Development of perovskite-FeMnO3/MWCNTs/PANI hybrid as an efficient electrode for supercapattery

Manganese-based mixed metal oxides are cost-effective and have a wide voltage range, making them promising for electrochemical energy storage. However, they suffer from poor electrical conductivity, structural instability during cycling, and electrolyte dissolution. Conductive polymers are often added to address these issues to improve conductivity and ion transport. However, these polymers undergo volumetric changes (shrinkage and swelling) during cycling.

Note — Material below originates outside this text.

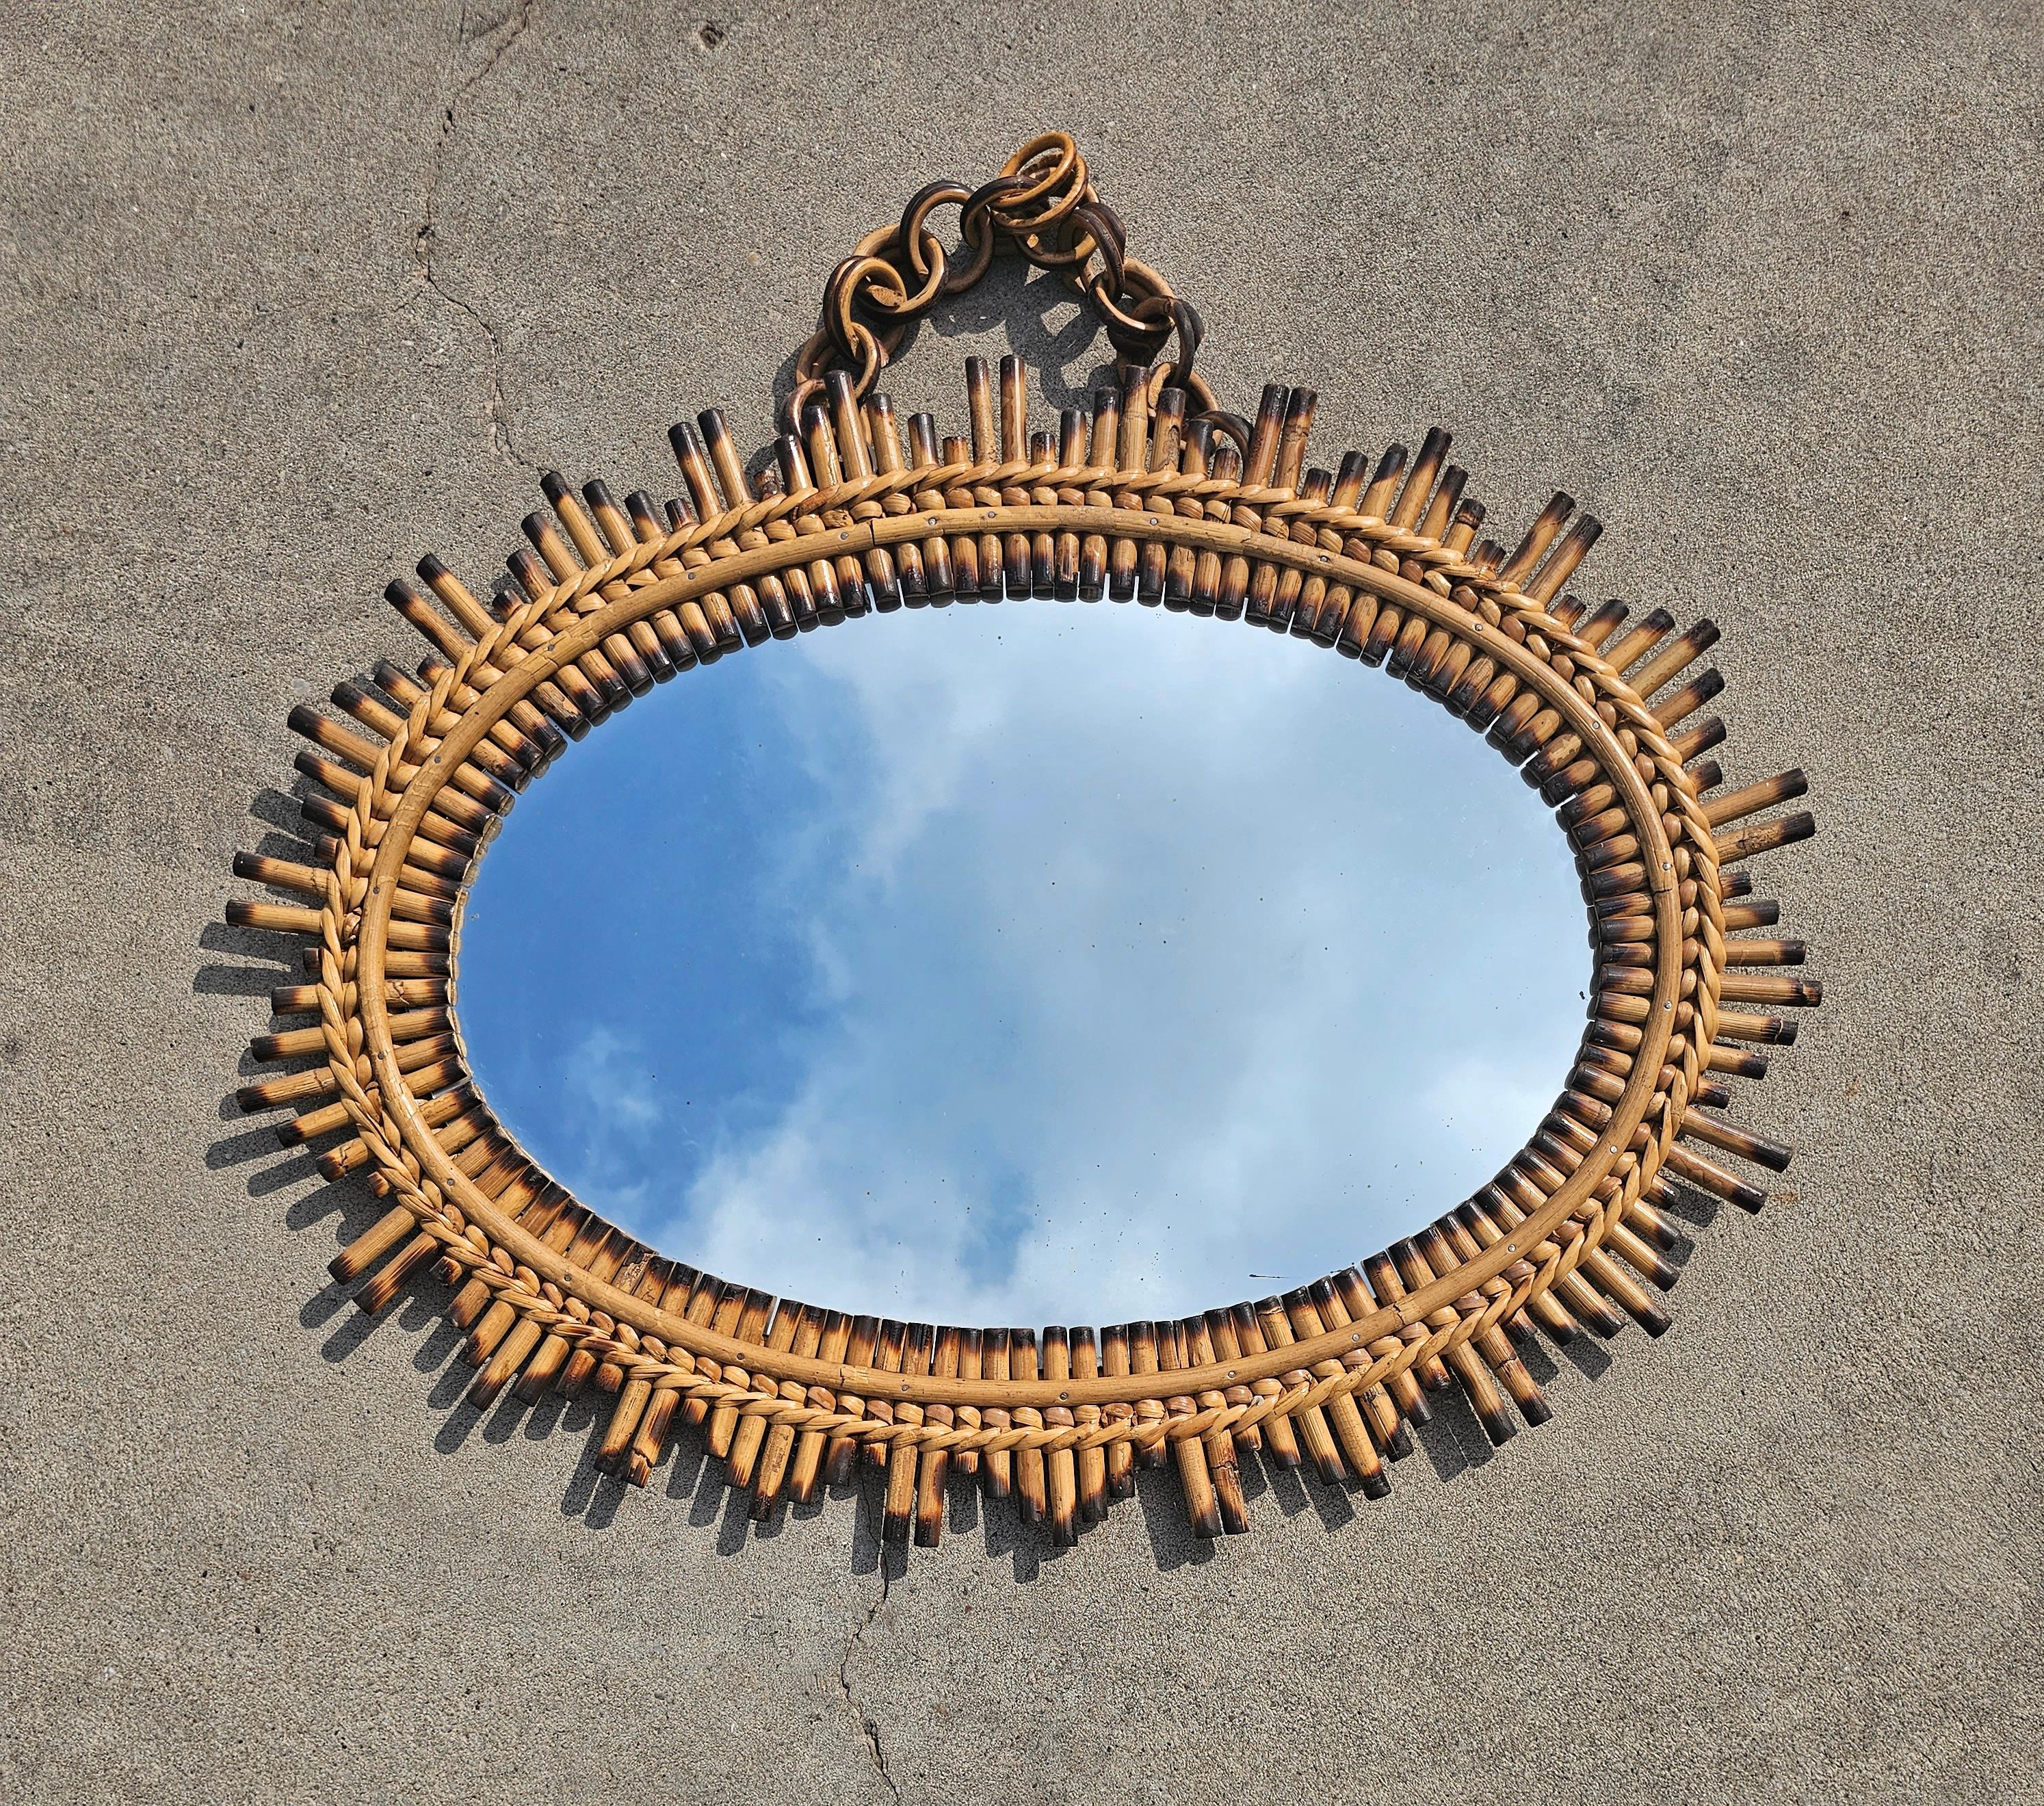 In diesem Angebot finden Sie einen einzigartigen ovalen Mid Century Modern Sunburst-Spiegel. Der Rahmen des Spiegels ist aus Bambus gefertigt, mit gebrannten Spitzen, die ihm ein markantes Aussehen verleihen. Der Spiegel ist an der Wand befestigt,

Incorporating carbon nanotubes (CNTs) enhances structural stability, preventing degradation and preserving electrode integrity. In this study, FeMnO₃ was synthesized via a simple hydrothermal method and combined with multiwalled carbon nanotubes (MWCNTs) and polyaniline (PANI) to form a ternary hybrid composite. The synthesized ternary hybrid was characterized using several techniques, including Fourier-transform infrared spectroscopy (FTIR), X-ray diffraction (XRD), field emission scanning electron microscopy (FESEM), thermogravimetric analysis (TGA), Brunauer-Emmett-Teller (BET) and X-ray photoelectron spectroscopy (XPS). The electrochemical performance of the ternary hybrid as an electrode material for energy storage devices was evaluated using cyclic voltammetry (CV), galvanostatic charge-discharge (GCD), and electrochemical impedance spectroscopy (EIS). The results demonstrated that the ternary hybrid achieved a high specific capacity of 1415C/g at a current density of 1 A/g, along with a low charge transfer resistance (R_ct) of 2.96 Ω, and retained 88 % of its initial capacity after 10,000 charge-discharge cycles, indicating excellent durability and performance. Moreover, the ternary hybrid showcases the specific capacity of 109.87C/g at 1 A/g in a two-electrode system with energy density (E_d) and power density (P_d) of 15.11 Wh/kg and 130.05 W/kg, respectively.